■ **INSTRUCTIONS TO FOLLOW**
Set the records down again. Match every line exactly.

[Records from a dataset]
=== Section Start ===

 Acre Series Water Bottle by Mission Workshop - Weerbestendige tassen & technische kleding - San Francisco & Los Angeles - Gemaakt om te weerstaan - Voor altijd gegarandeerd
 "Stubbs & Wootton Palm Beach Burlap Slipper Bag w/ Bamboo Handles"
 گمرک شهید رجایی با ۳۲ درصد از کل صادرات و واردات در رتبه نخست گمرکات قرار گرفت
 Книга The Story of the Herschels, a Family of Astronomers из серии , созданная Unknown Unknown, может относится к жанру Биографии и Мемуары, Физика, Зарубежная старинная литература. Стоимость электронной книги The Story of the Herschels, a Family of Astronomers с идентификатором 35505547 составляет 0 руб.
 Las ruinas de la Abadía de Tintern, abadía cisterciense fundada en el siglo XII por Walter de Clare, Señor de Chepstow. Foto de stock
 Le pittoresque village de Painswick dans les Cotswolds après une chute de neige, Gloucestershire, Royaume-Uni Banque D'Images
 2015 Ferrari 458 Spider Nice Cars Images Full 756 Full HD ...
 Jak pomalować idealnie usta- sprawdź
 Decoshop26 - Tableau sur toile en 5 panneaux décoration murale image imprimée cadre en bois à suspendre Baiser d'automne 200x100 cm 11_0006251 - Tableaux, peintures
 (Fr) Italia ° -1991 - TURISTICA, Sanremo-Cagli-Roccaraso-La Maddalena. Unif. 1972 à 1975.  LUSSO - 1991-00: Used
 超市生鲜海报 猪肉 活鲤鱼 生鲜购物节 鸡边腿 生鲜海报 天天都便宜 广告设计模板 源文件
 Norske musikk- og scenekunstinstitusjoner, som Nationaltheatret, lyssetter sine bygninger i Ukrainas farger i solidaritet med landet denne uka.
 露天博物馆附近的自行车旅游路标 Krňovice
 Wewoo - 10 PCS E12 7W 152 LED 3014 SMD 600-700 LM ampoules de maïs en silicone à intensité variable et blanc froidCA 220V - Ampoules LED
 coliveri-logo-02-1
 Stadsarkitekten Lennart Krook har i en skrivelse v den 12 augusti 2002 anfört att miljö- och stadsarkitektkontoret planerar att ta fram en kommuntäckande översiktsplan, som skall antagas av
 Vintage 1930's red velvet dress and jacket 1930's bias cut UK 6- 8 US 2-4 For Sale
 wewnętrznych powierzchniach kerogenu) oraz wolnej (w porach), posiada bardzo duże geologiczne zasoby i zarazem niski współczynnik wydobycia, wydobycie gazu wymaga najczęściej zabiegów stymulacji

=== Section End ===

■ **ANSWER BOX**
 Acre Series Water Bottle by Mission Workshop - Weerbestendige tassen & technische kleding - San Francisco & Los Angeles - Gemaakt om te weerstaan - Voor altijd gegarandeerd
 "Stubbs & Wootton Palm Beach Burlap Slipper Bag w/ Bamboo Handles"
 گمرک شهید رجایی با ۳۲ درصد از کل صادرات و واردات در رتبه نخست گمرکات قرار گرفت
 Книга The Story of the Herschels, a Family of Astronomers из серии , созданная Unknown Unknown, может относится к жанру Биографии и Мемуары, Физика, Зарубежная старинная литература. Стоимость электронной книги The Story of the Herschels, a Family of Astronomers с идентификатором 35505547 составляет 0 руб.
 Las ruinas de la Abadía de Tintern, abadía cisterciense fundada en el siglo XII por Walter de Clare, Señor de Chepstow. Foto de stock
 Le pittoresque village de Painswick dans les Cotswolds après une chute de neige, Gloucestershire, Royaume-Uni Banque D'Images
 2015 Ferrari 458 Spider Nice Cars Images Full 756 Full HD ...
 Jak pomalować idealnie usta- sprawdź
 Decoshop26 - Tableau sur toile en 5 panneaux décoration murale image imprimée cadre en bois à suspendre Baiser d'automne 200x100 cm 11_0006251 - Tableaux, peintures
 (Fr) Italia ° -1991 - TURISTICA, Sanremo-Cagli-Roccaraso-La Maddalena. Unif. 1972 à 1975.  LUSSO - 1991-00: Used
 超市生鲜海报 猪肉 活鲤鱼 生鲜购物节 鸡边腿 生鲜海报 天天都便宜 广告设计模板 源文件
 Norske musikk- og scenekunstinstitusjoner, som Nationaltheatret, lyssetter sine bygninger i Ukrainas farger i solidaritet med landet denne uka.
 露天博物馆附近的自行车旅游路标 Krňovice
 Wewoo - 10 PCS E12 7W 152 LED 3014 SMD 600-700 LM ampoules de maïs en silicone à intensité variable et blanc froidCA 220V - Ampoules LED
 coliveri-logo-02-1
 Stadsarkitekten Lennart Krook har i en skrivelse v den 12 augusti 2002 anfört att miljö- och stadsarkitektkontoret planerar att ta fram en kommuntäckande översiktsplan, som skall antagas av
 Vintage 1930's red velvet dress and jacket 1930's bias cut UK 6- 8 US 2-4 For Sale
 wewnętrznych powierzchniach kerogenu) oraz wolnej (w porach), posiada bardzo duże geologiczne zasoby i zarazem niski współczynnik wydobycia, wydobycie gazu wymaga najczęściej zabiegów stymulacji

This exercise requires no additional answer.